Voici une lecture captivante, particulièrement indiquée pour ceux et celles qui ont à frayer avec le monde des discours critiques, et qui en produisent. Michaël La Chance s’inspire du mythe de la cité Atlantide pour pointer quelques malaises dans la culture actuelle, insulaire dans ses chimères, fascinée par le spectacle jusqu’à lui vouer un culte. « Les Atlantes ont irrité les dieux par l’excès d’ostentation. » D’où la disparition de leur cité.

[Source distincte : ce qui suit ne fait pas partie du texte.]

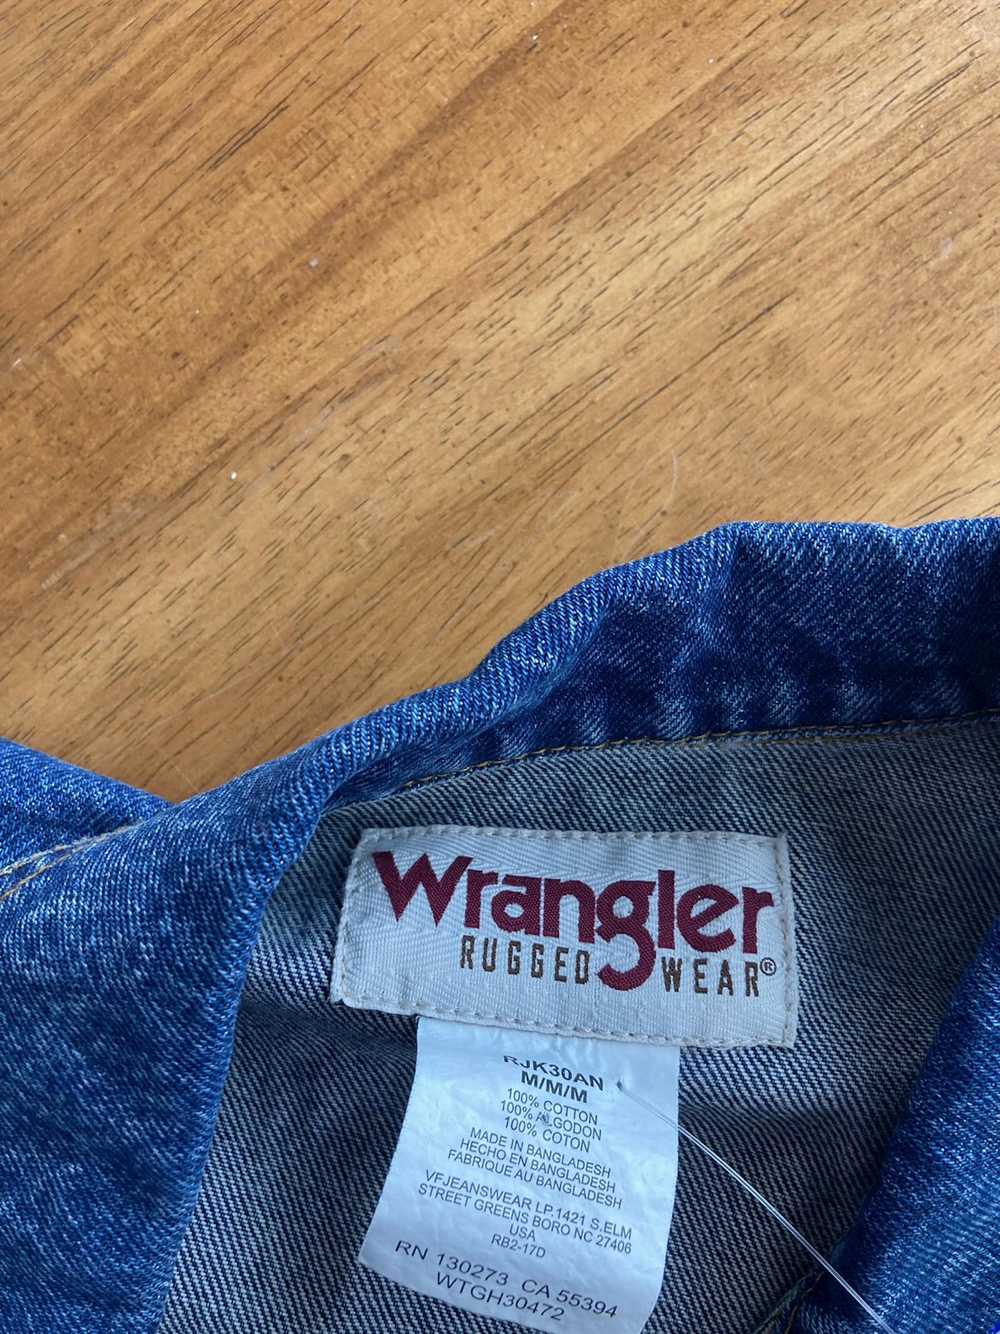 Wrangler Wrangler Denim Jacket - image 4

Penseur en esthétique, Michaël La Chance repère l’Atlantide un peu partout dans notre culture, dans ses utopies, dans son fonctionnement et dans ses impasses. Il articule précisément et brillamment les problèmes du cheminement artistique vers l’exposition, et ceux de la diffusion et de la connaissance des arts. Cinq chapitres examinent ce qu’est devenu l’art de la représentation en relation avec les médias, la science, les nouvelles technologies, l’État et le public. L’auteur s’attache à circonscrire les instances d’autorité en arts, leurs présupposés philosophiques et idéologiques, et les mouvements de pensée qui ont mené à ce qu’il nomme « l’expositionnisme » actuel. Très didactique, il termine chaque chapitre avec la description d’œuvres imaginaires pour exemplifier ses propos. Les questions soulevées sont sujettes à controverses même si elles pourront sembler à certains rétrogrades, par exemple les problèmes que soulève l’attribution des subventions accordées à l’art. Michaël La Chance pense la question en fonction de l’autonomie des créateurs, de la liberté de moyens et de pensée. Il importe aussi d’aborder la place et le rôle de l’art dans la société Atlantide, menacée de couler.
L’emploi du « nous » par l’auteur démontre qu’on ne peut envisager sa culture d’un œil extérieur, position honnête pour une pensée subtile et solide. Si les généralisations sur la culture sont subjectives, elles sont ici bien documentées.